To execute the code in a cell, you can either:

  • click the Play icon on the left
  • type Cmd (or Ctrl) + Enter to run the cell in place
  • or type Shift + Enter to run the cell and move the focus to the next cell.

You can try all these options on our first very elaborate piece of code in the next cell.

After you execute the cell, the result will automatically display underneath the cell.

In [0]:
2+2
In [0]:
print("Hello, world!")
In [0]:
# This is a comment

As we go through the notebooks, you can add your own comments or text blocks to save your notes.

In [0]:
# Your Turn: Create your own print() command here with your name
print()

A note about print()

  • By default, a Colab/Jupyter notebook will print out the output from the last line, so you don't have to specify the print() command.
  • However, if we want to output the results from additional lines (as we do below), we need to use print() on each line.
  • Sometimes, you can suppress the output from the last line by adding a semi-colon ; at the end.
In [0]:
3
4
5
In [0]:
print(3)
print(4)
print(5)

Some Basics

Let's review a few basic features of programming.

First, it's great for math.
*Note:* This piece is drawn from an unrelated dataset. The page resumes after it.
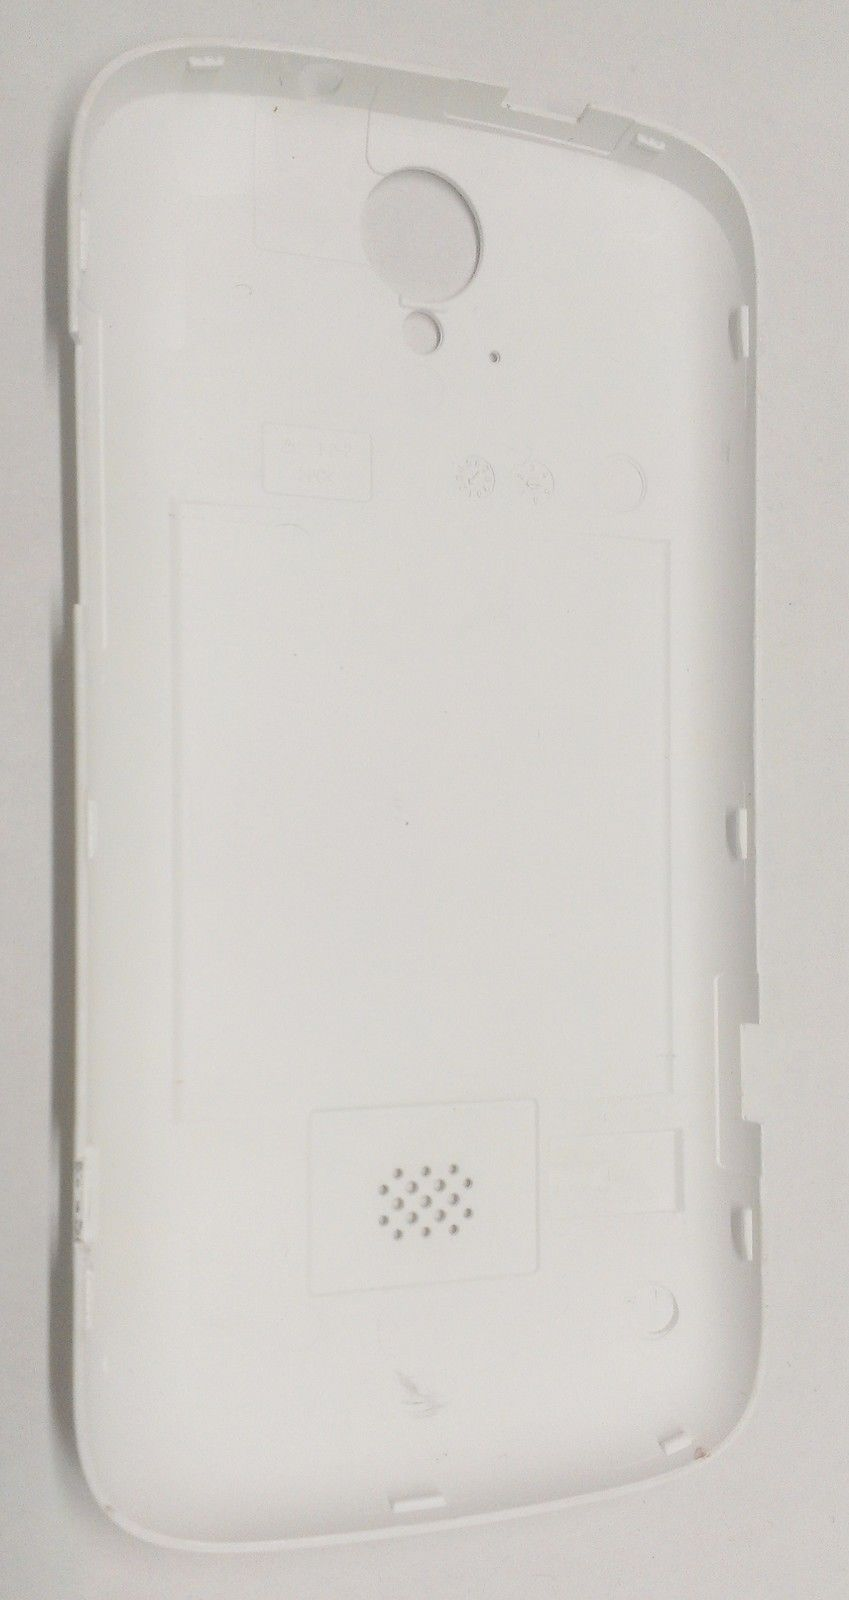 OEM Original Huawei myTouch Q  Back Cover Battery Door T-Mobile U8730 - White image 2

You can use addition (+), subtraction (-), multiplication (*), division (/) and exponents (**).

In [0]:
# Your Turn: Try some math here
5*2

The order of operations is also important.

In [0]:
print(5 * 2 + 3)
print(5 * (2+3))
print((5 * 2) + 3)

Variables

In [0]:
# We can eailsy assign variables, just like in other languages
x = 4
y = 2.5
In [0]:
# And we can use them in our formulas
print(x + y)
print(x/y)
In [0]:
# What kind of objects are these?
print(type(x))
print(type(y))

Strings

In [0]:
# A string needs to be in quotes (single or double)
z = 'Python is great'
z
In [0]:
# You can't concatenate (add) strings and integers
print( z + x )
In [0]:
# But you can multiply them!
print( z * x )
In [0]:
# If you convert an integer into a string, you can then catenate them
print( z + ' ' + str(x) + ' you!' )
In [0]:
# A better way
print( 'Python is great %s you!' % x )

Fun with Lists

Remember, Python uses 0-based indexes, so to grab the first element in a list you actually use "0". The last element is n-1, or just "-1" for short. In Matlab this would be 1 to n, or 1:end.

In [0]:
my_list = [3, 4, 5, 9, 12, 13]
In [0]:
# The fist item
my_list[0]
In [0]:
# The last item
my_list[-1]
In [0]:
# Extract a subset
my_list[2:5]
In [0]:
# A subset from the end
my_list[-3:]
In [0]:
# Update a value
my_list[3] = 99
my_list
In [0]:
# Warning, Python variables are object references and not copies by default
my_second_list = my_list
print( my_second_list )

my_second_list[0] = 66

print( my_second_list )
print( my_list ) # The first list has been overwritten
In [0]:
# To avoid this, create a copy of the list, which keeps the original intact
my_list = [3, 4, 5, 9, 12]

my_second_list = list(my_list) # You can also use copy.copy() or my_list[:]

my_second_list[0] = 66

print( my_second_list )
print( my_list )

Arrays

Note, a list is not an array by default. But we can turn it into an array using the NumPy library.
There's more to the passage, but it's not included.